(Data records)
Segment Open

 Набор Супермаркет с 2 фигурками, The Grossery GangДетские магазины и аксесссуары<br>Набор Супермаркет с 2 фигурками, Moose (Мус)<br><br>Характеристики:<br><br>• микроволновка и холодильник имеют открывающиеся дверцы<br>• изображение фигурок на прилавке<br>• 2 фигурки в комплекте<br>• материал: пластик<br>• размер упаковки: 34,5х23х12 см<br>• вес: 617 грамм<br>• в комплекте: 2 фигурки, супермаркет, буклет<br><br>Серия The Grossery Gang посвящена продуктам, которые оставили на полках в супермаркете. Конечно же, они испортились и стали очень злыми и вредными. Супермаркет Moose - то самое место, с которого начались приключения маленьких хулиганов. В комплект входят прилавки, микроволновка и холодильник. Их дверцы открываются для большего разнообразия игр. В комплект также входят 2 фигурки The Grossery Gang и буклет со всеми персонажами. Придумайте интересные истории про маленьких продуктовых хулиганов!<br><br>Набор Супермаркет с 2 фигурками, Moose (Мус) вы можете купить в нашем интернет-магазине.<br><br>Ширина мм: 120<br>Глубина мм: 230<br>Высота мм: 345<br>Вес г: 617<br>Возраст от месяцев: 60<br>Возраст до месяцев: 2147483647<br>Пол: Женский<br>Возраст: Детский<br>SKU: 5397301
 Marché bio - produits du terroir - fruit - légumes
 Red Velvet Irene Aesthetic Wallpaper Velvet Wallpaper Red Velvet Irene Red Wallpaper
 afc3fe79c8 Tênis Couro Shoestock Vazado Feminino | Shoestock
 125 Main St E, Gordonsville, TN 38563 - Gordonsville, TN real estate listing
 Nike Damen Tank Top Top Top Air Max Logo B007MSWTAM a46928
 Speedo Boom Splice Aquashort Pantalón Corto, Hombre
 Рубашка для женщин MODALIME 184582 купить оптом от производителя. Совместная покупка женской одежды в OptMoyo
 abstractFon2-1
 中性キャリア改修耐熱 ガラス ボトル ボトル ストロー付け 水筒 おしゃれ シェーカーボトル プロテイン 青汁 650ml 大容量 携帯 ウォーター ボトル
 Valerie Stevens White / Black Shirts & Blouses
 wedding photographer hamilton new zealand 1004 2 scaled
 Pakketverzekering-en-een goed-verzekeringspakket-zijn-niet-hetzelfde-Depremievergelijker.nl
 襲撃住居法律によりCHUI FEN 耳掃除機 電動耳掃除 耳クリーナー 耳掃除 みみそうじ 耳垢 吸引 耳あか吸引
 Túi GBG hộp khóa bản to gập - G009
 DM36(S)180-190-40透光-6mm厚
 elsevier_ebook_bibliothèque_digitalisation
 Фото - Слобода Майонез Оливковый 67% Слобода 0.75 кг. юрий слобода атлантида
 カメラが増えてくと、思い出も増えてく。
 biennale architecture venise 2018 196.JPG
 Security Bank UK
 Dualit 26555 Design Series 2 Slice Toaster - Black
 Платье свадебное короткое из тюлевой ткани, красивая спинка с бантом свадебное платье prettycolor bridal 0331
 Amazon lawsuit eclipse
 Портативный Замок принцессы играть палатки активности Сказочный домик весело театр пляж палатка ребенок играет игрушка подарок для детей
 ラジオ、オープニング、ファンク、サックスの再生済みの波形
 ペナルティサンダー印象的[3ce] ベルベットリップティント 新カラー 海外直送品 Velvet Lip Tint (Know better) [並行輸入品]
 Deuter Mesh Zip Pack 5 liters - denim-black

Segment Closed

Exactly how many lines of the data above hold the word "Velvet"? The number is the whole answer.

= Response box =
2